┌────────

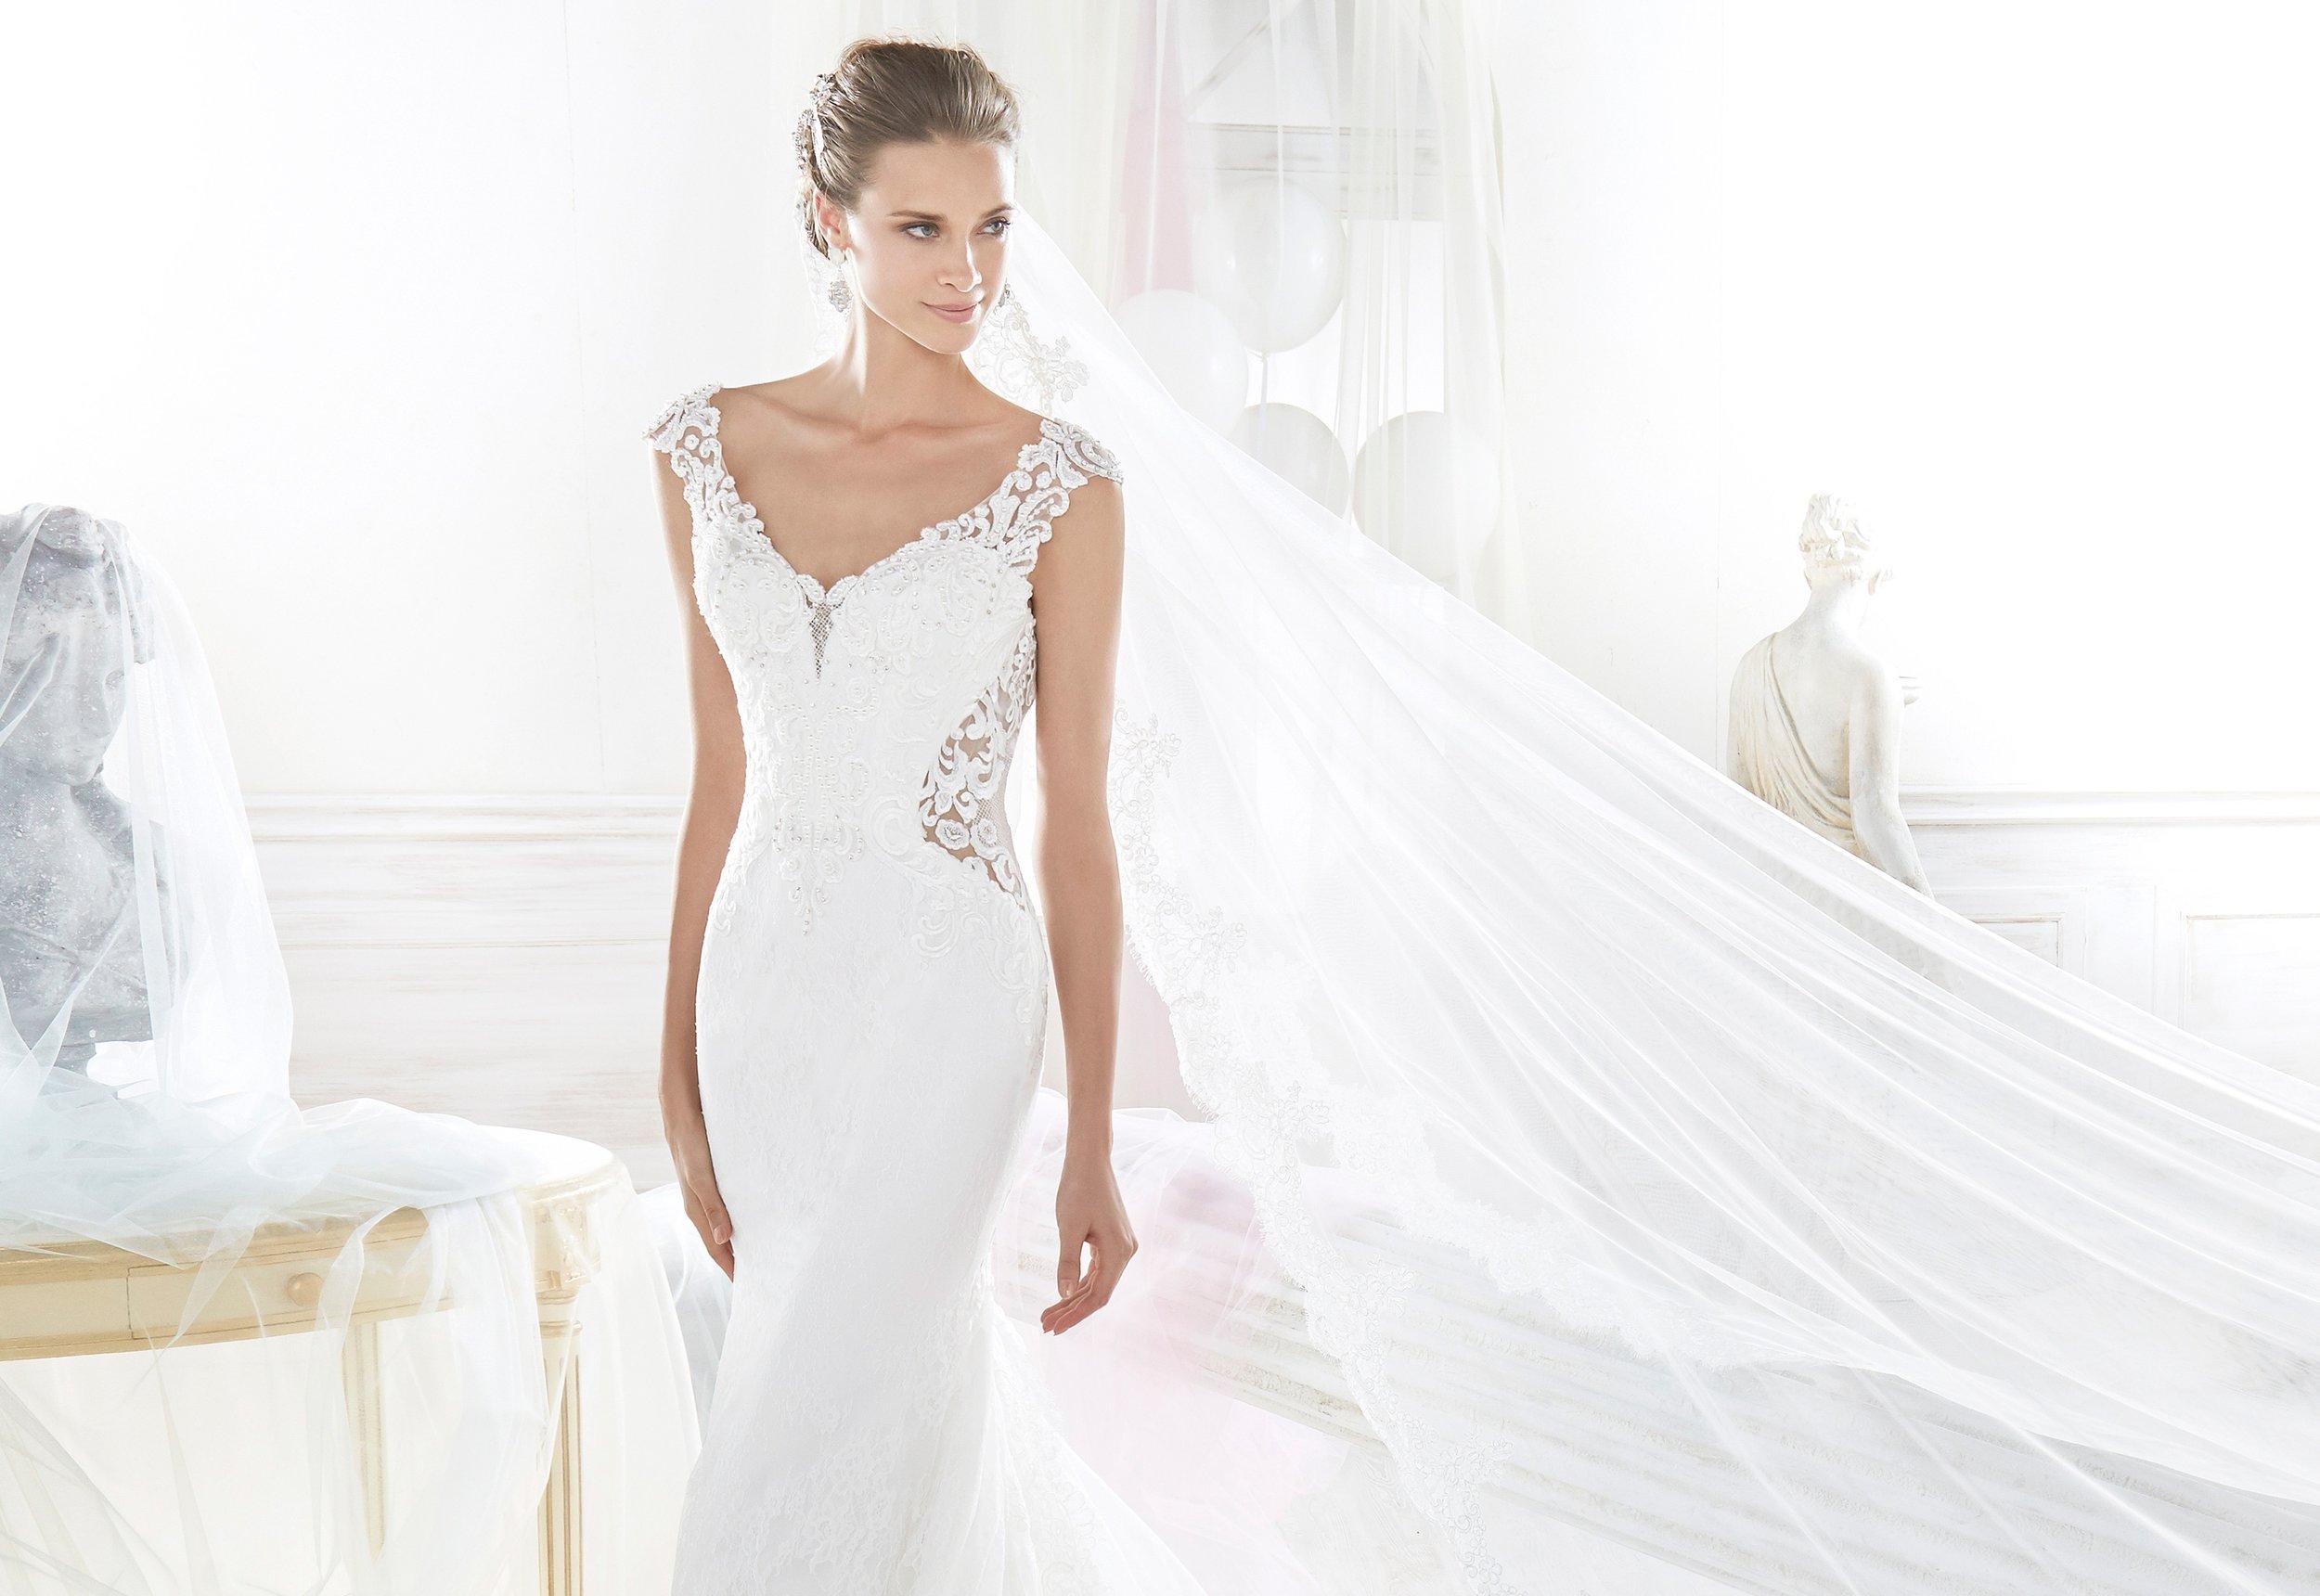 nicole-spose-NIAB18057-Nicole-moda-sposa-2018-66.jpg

└────────
┌────────

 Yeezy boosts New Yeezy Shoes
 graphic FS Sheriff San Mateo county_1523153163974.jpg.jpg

└────────
┌────────

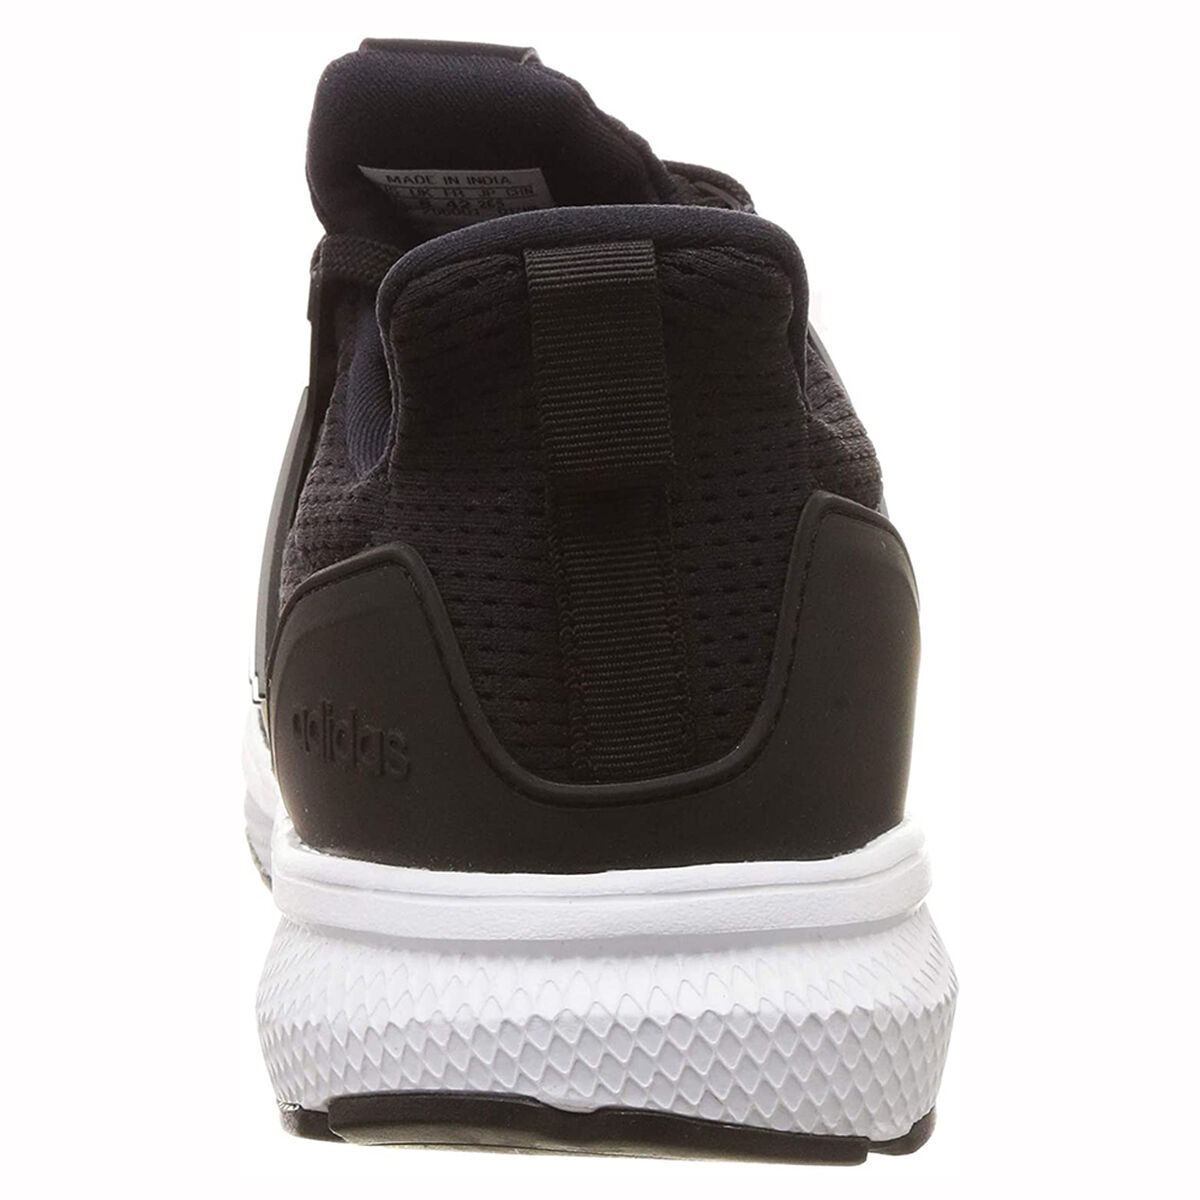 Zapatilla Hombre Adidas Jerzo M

└────────

Exercise aim:
When you reach the line holding "Yeezy boosts New Yeezy Shoes" in the records above, begin reproducing exactly, stop after the line holding "graphic FS Sheriff", and output nothing else.

Exercise solution:
 Yeezy boosts New Yeezy Shoes
 graphic FS Sheriff San Mateo county_1523153163974.jpg.jpg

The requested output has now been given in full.